Visualization created by CMU alumni Mark Egge is an amazing illustration for how bunching 61 routes are appearing in areas around the campus. [1]
Imagine when the weather gets worse and you miss a couple of buses that came together. This is really not a pleasant experience. And we would love to have a device that perhaps show us weather and bus status.
Historical Case
Weather System by Studio PSK [2], Paper Signals by Isaac Blankensmith [3], tempescope by Ken Kawamoto [4] are fascinating cases that signals and subtly display the weather, by sounds, visualization and motions. The key take away for us is that the status and translation of signaling by different types of actuators that creates various possibilities.
Expected Interaction
The project would be consisted of bus info display kit and the weather display kit.

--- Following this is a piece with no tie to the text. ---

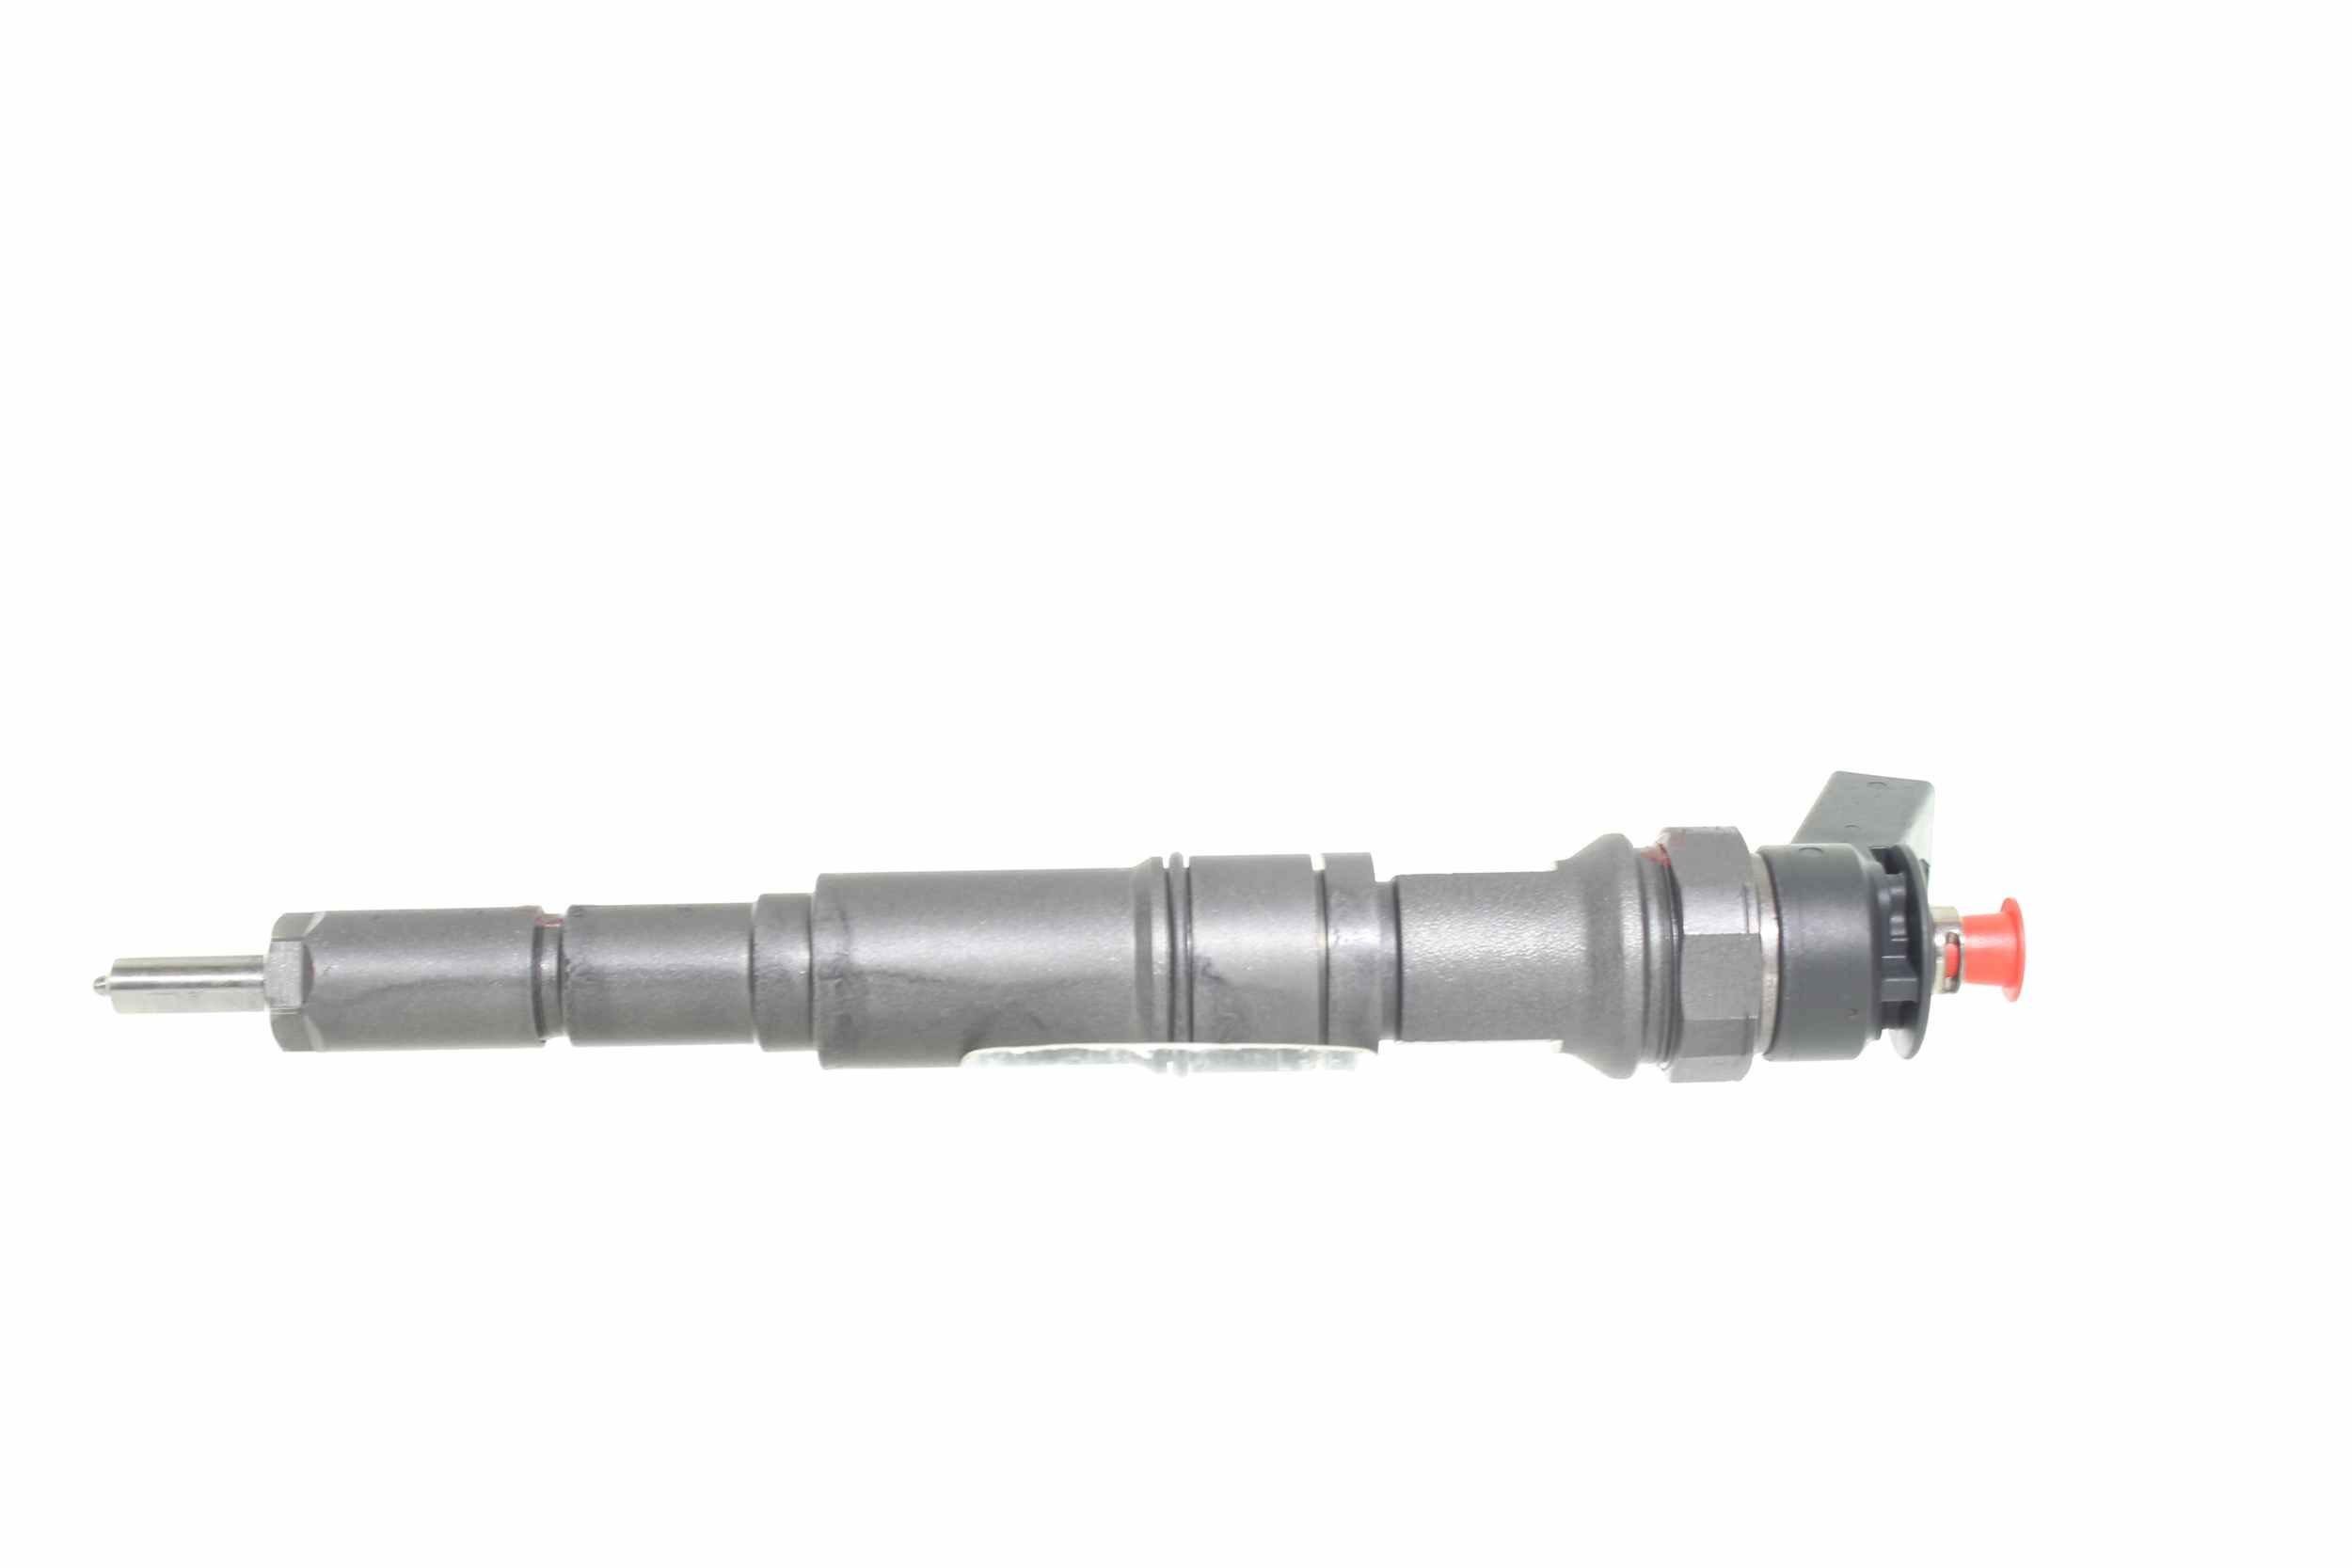 ALANKO 970025 Injector Nozzle Common Rail (CR), with seal

The bus tracker would be a box with an
acrylic
piece embedded in that could display different colors with a Neo Pixel strip or a few LED inside of the box. Interactions are pictured to be reminding users to get prepared to go get a bus, go down stairs to the bus station and lastly, inform that user might need to take another bus. When the bus is arriving, the light would start to subtly shifting to a blue or green hue. When is about time to go to the station, the transition would be quicker. And fading to a yellow color would mean that the bus is now here or gone.
The weather kit would show actions by solenoids working with wood or plastic sticks as well as plastic beads to display rain and snowfall respectively.
Process of Bus Tracker
In terms of API for bus information. We managed to receive an API key from the PRT and start with the information provided. Among these we found that route data or vehicle locations might be useful. Also we tested with the web hook from prt to see how the API works.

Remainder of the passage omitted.